Imposte

La delega fiscale non supera la parcellizzazione delle sostitutive

Sulle persone fisiche il dibattito ha diluito la portata innovativa del Ddl. Sulle sovraimposte Irpef si riportano allo Stato le scelte sulla progressività

di Livia Salvini e Giuseppe Zizzo

La prima bozza delega fiscale da poco approvata in Cdm ha visto la luce nell’autunno dello scorso anno: in un momento cioè in cui la crisi economica ingenerata tra l’altro dallo shock energetico aveva appena iniziato a manifestarsi e in cui ancora non si udivano venti di guerra. Il testo odierno non si discosta molto da quello originario, se non forse per quanto riguarda l’imposta duale; e sebbene sia giusto e opportuno che una delega che ambisce a riformare il sistema fiscale non sia troppo legata alla (caotica) situazione contingente, non ci si può non chiedere se essa sia idonea a riportare ordine e dunque a raggiungere positivi risultati almeno nel medio periodo.

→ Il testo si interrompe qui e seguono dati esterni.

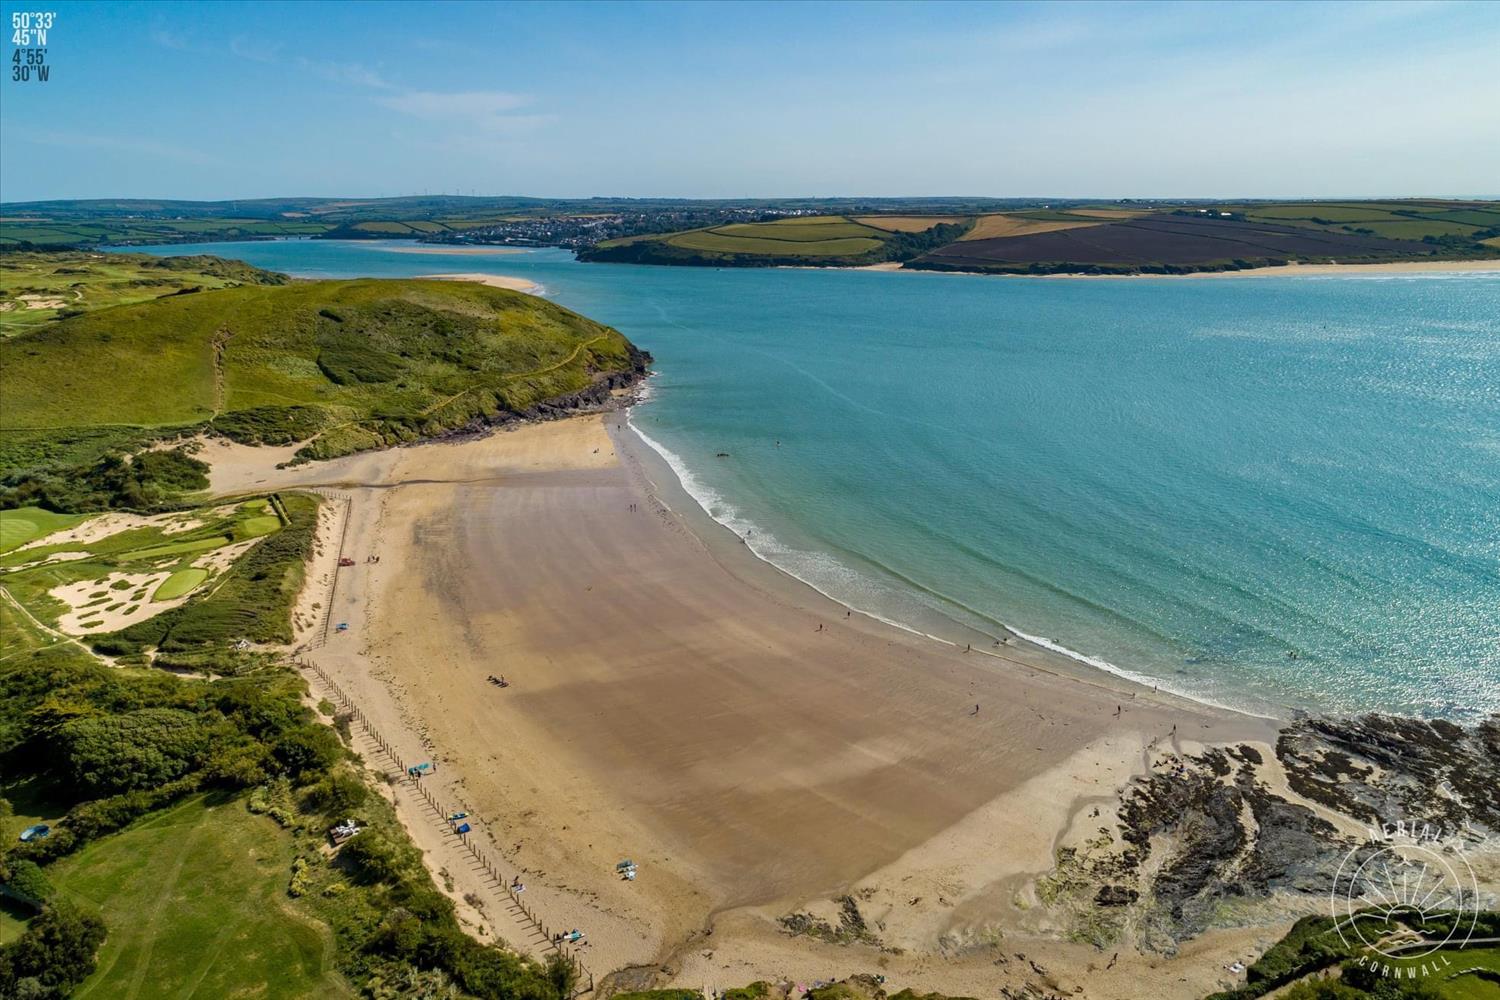 Daymer Bay on the Camel Estuary - near enough to pop over to Padstow for lunch
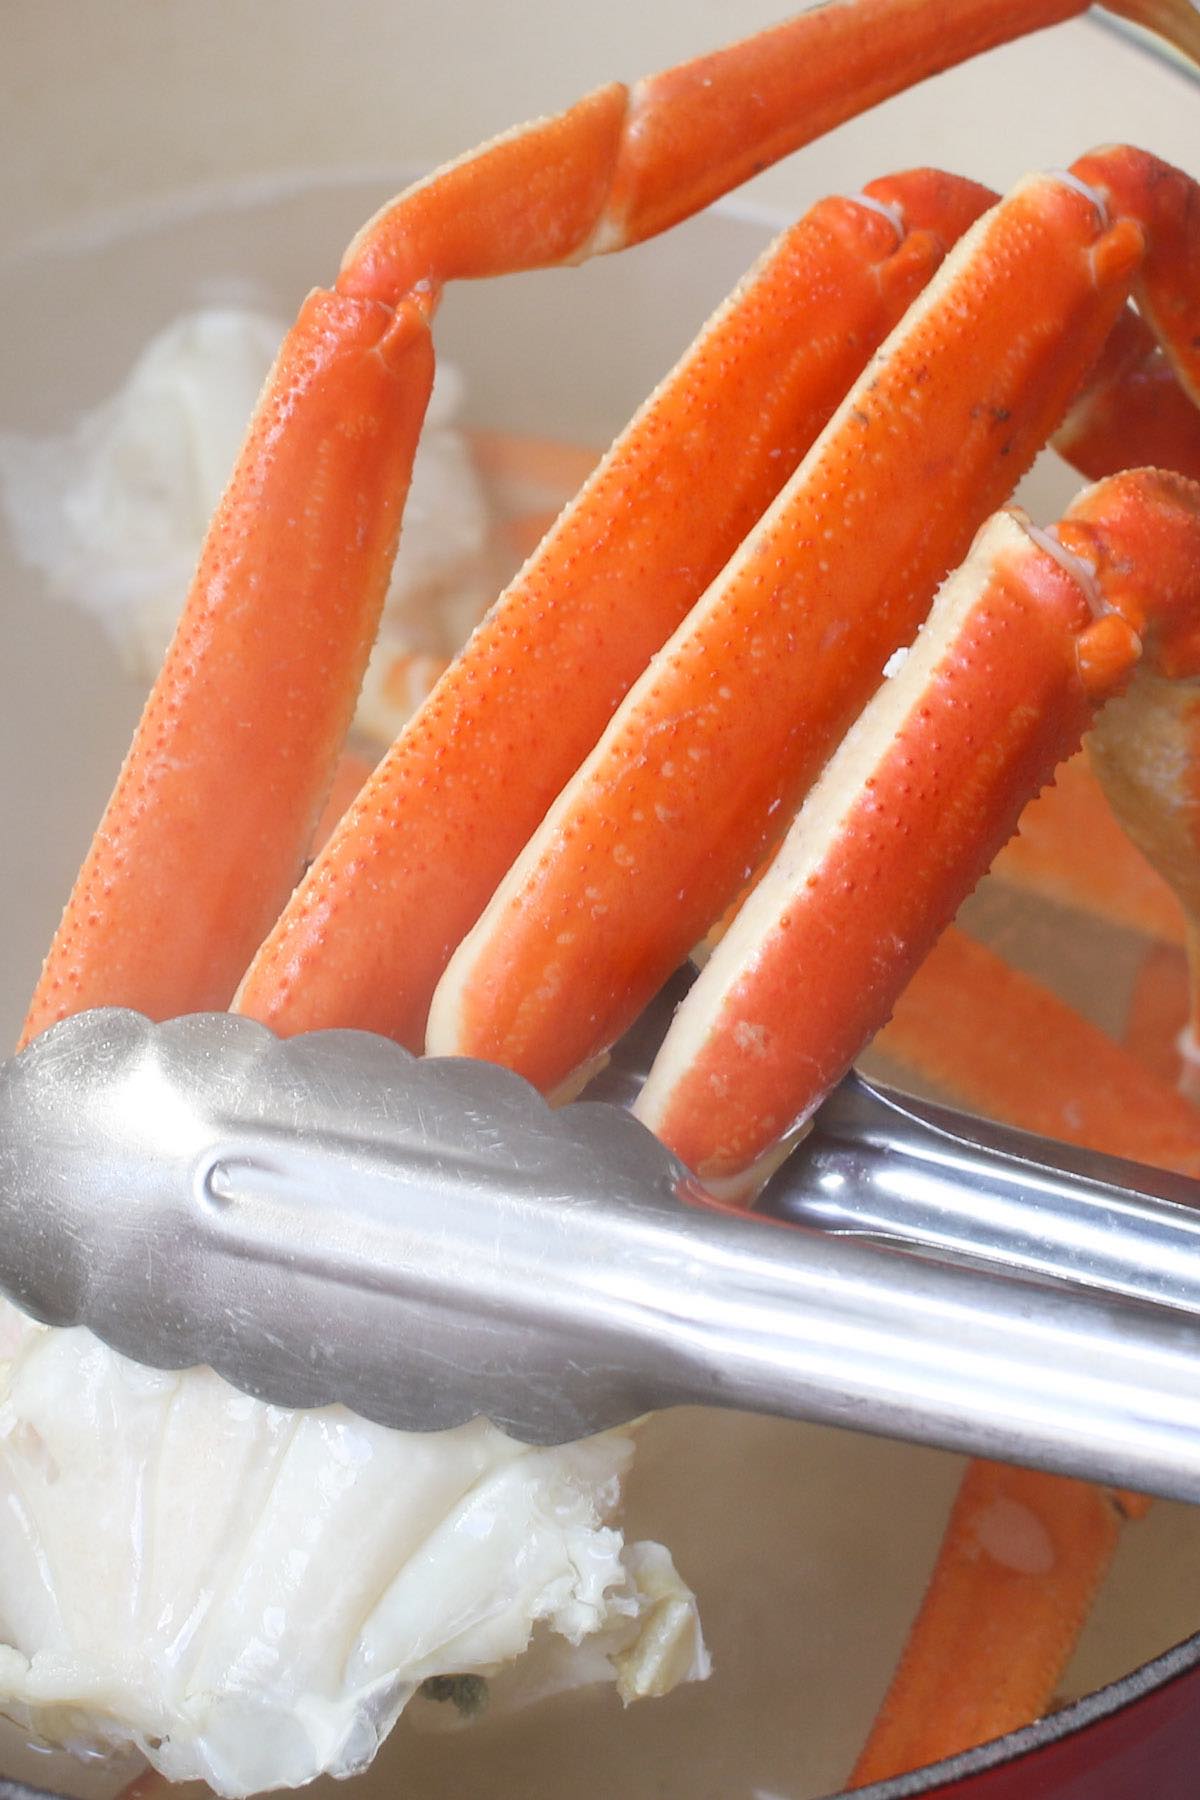 Treat your guests to these succulent Snow Crab Legs seasoned with Old Bay seasoning. They’re incredibly easy to make and ready to eat in just 10 minutes!

La discussione politica sulla bozza di delega non sempre si è concentrata su aspetti determinanti. Paradigmatico è il caso della riforma del sistema catastale, che si è risolta nell’occultare nella forma – ma non nella sostanza – il riferimento all’adeguamento della rendita ai valori di mercato, fermo restando che, come già originariamente previsto, le nuove rendite non sono utilizzabili per la determinazione di ogni imposizione immobiliare.

Sotto altri aspetti, invece, il dibattito sembra aver diluito la portata innovativa della prima versione, e ciò vale soprattutto per quella che doveva rappresentare la principale innovazione in tema di tassazione delle persone fisiche della riforma tributaria: la tassazione duale. Nella sua versione originaria, l’articolo 2 del disegno di legge delega configurava una razionalizzazione della pletora di regimi sostitutivi di stampo reale che, con formule e aliquote fortemente differenziate, hanno progressivamente eroso il campo di applicazione dell’Irpef, confinandolo, in modo quasi residuale, ai redditi di lavori dipendente e alle pensioni. Prefigurava, in particolare, una netta separazione tra redditi da lavoro, da assoggettare alle (auspicabilmente) rimodulate aliquote progressive Irpef, e redditi da capitale, da assoggettare alla medesima aliquota proporzionale, a prescindere dalla loro fonte, mobiliare o immobiliare, autonoma o combinata (al lavoro, nel reddito d’impresa). Pur stabilizzando la sottrazione all’area della progressività del secondo insieme di redditi, il criterio direttivo considerato aveva l’indubbio merito di mettere ordine in un settore connotato da estrema frammentazione e disorganicità, e perciò costituiva un apprezzabile avanzamento sull’esistente.

La recente riformulazione di detta disposizione sfuma alquanto questo programma, privandolo di buona parte della sua carica innovativa. Confermato il regime di flat tax per le partite Iva, l’intervento adesso previsto si risolve in una progressiva revisione della disciplina dei redditi derivanti dall’impiego dei capitali. Nella prospettiva di incrementare il suo tasso di neutralità fiscale, è vero, ma con il vincolo di preservare la distinzione tra redditi di capitale di fonte mobiliare e redditi di capitale di fonte immobiliare. In questa nuova veste, l’articolo 2 ripropone dunque quella parcellizzazione dei prelievi sostitutivi che la versione originaria mirava a superare, tornando, di riflesso, a delineare assetti connotati da disparità di trattamento di cui è davvero difficile predicare la compatibilità con i principi di uguaglianza e capacità contributiva di cui agli articoli 3 e 53 della Costituzione.

Vi sono poi aspetti rilevanti, impliciti nella formulazione della delega, che invece sembrano essere passati sotto silenzio, ed in primis quello dell’impatto sulla fiscalità locale, ovvero sul (ormai dimenticato?) federalismo fiscale. Da una parte, l’esclusione della valenza fiscale del riordino delle rendite mantiene nella illusorietà il principio di contribuzione ai Comuni in funzione dei benefici effettivamente ricevuti dai contribuenti; dall’altro, il (pur opportuno) ulteriore superamento dell’Irap comporta la crescente necessità di sopperire mediante trasferimenti statali, e non più mediante tributi propri, al finanziamento delle Regioni; ed ancora, la sostituzione delle addizionali regionali e comunali all’Irpef con sovraimposte ha il dichiarato fine di ridurre lo spazio di manovra fiscale degli enti territoriali, riportando allo Stato le scelte in ordine alla progressività dell’imposizione.